Your goal:
Among the entries below, the lines from the one with "炎德文化何誉军先生来到科大讯" up to and including the one with "Kato Choogoonkinas profilbanner" are to be restated exactly, without pictures.

Dataset excerpts:
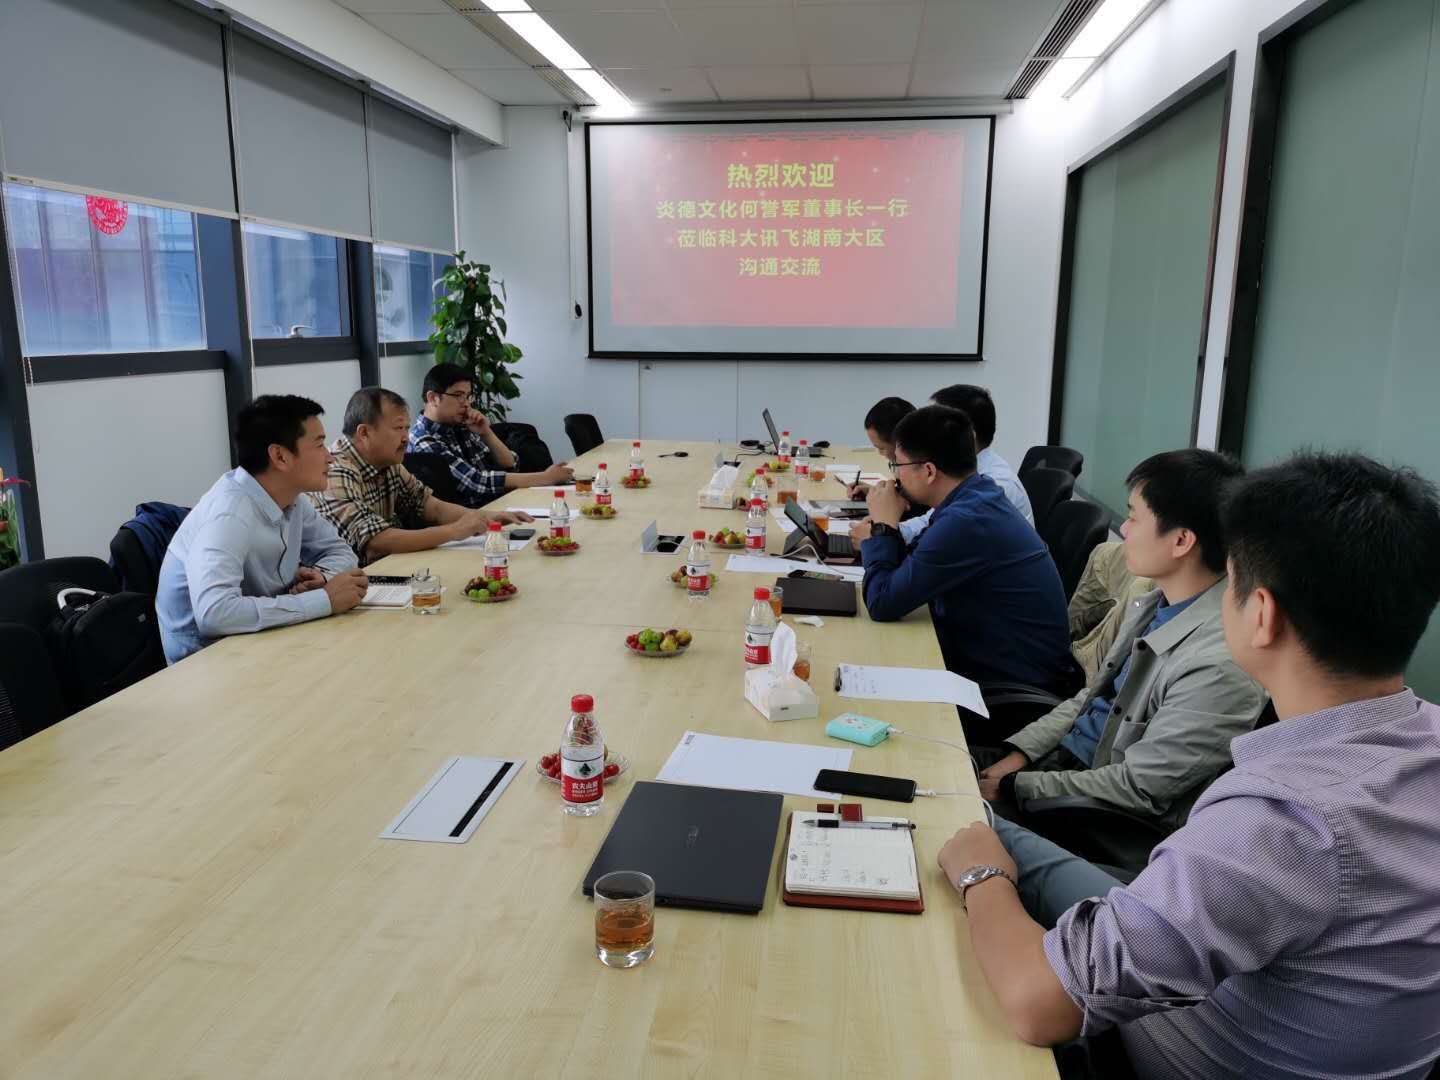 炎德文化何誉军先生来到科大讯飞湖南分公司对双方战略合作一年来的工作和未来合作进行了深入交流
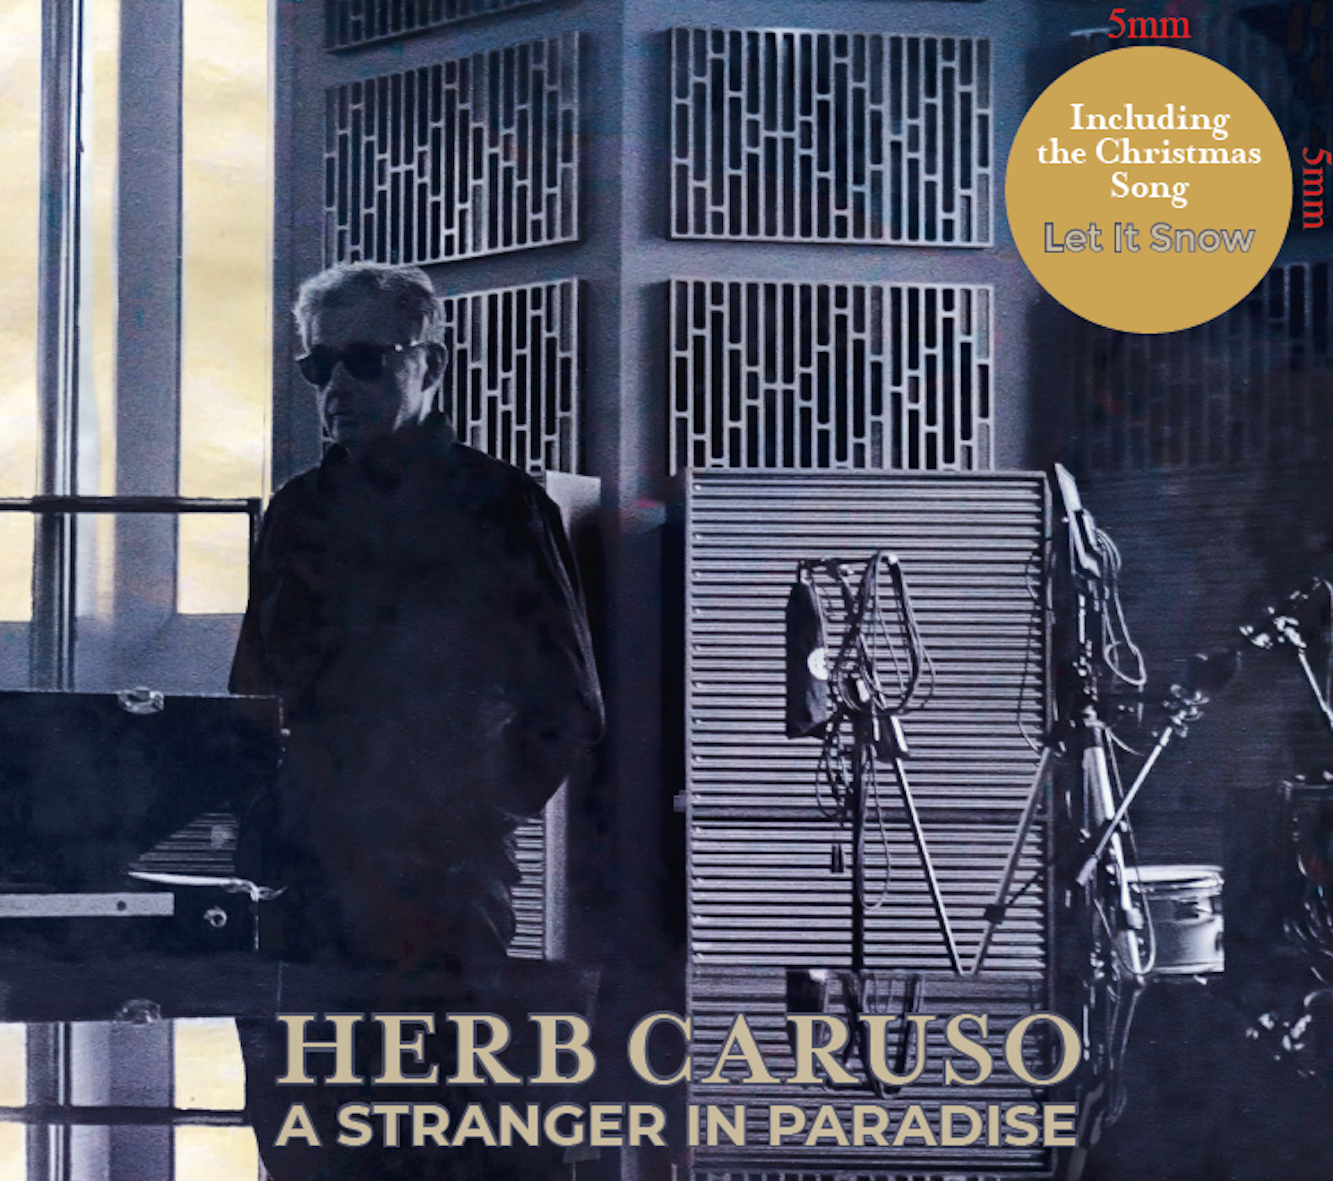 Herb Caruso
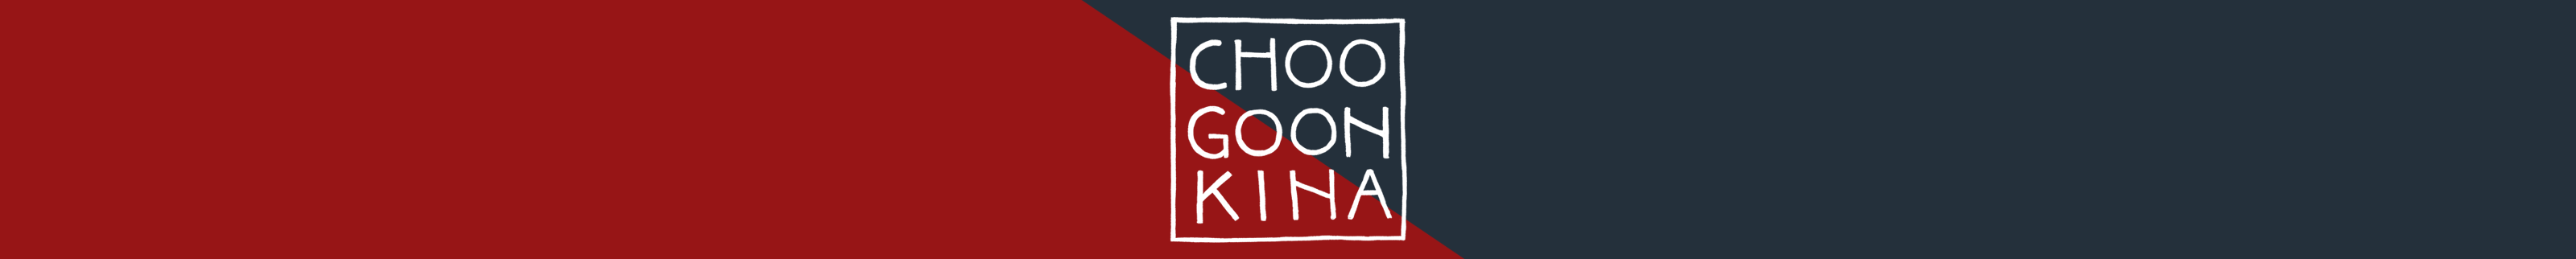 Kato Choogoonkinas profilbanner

==

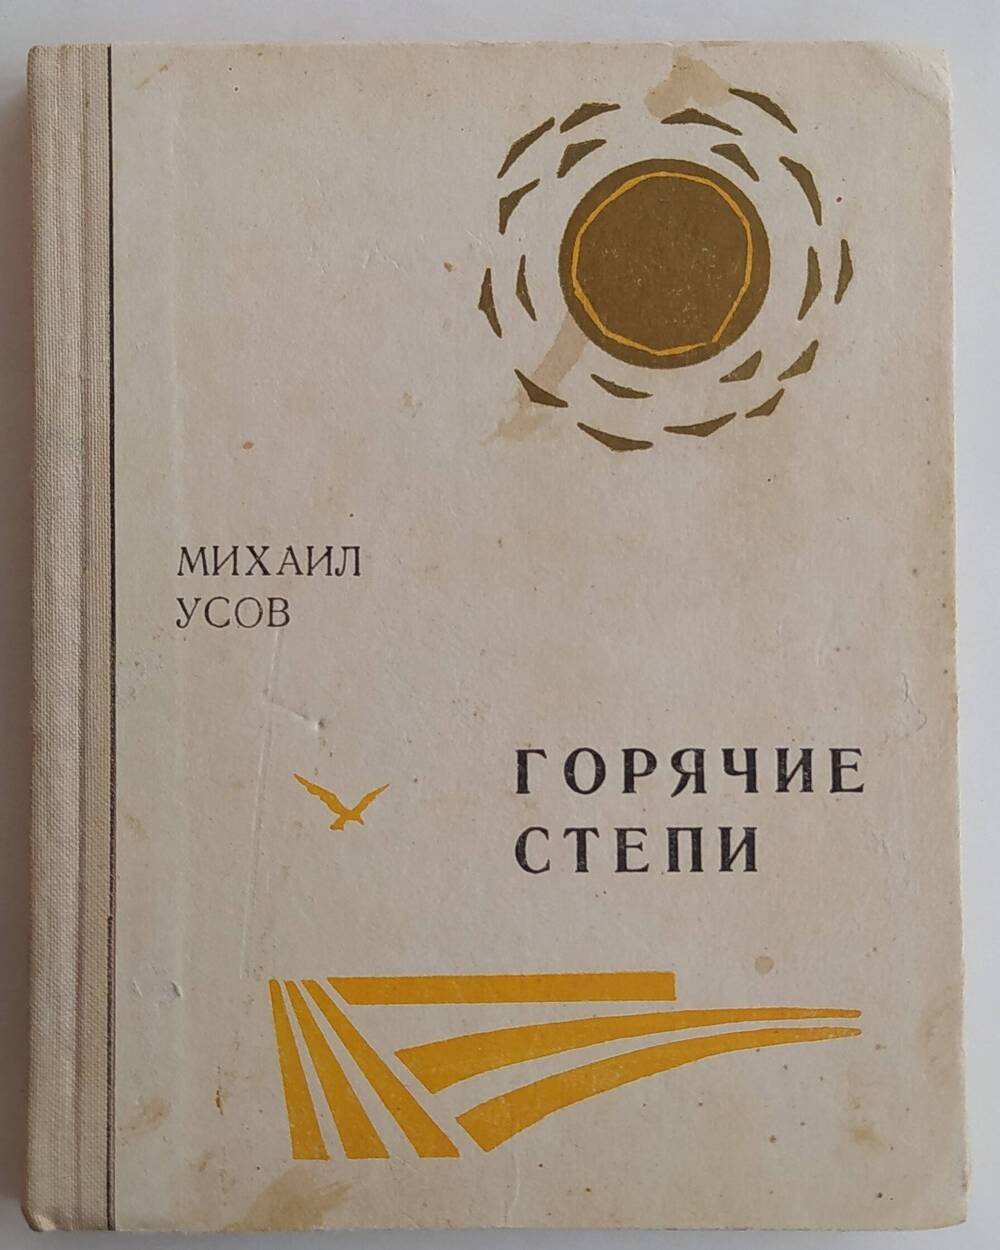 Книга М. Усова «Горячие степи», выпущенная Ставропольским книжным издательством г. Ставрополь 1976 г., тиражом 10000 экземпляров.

Exercise output:
 炎德文化何誉军先生来到科大讯飞湖南分公司对双方战略合作一年来的工作和未来合作进行了深入交流
 Herb Caruso
 Kato Choogoonkinas profilbanner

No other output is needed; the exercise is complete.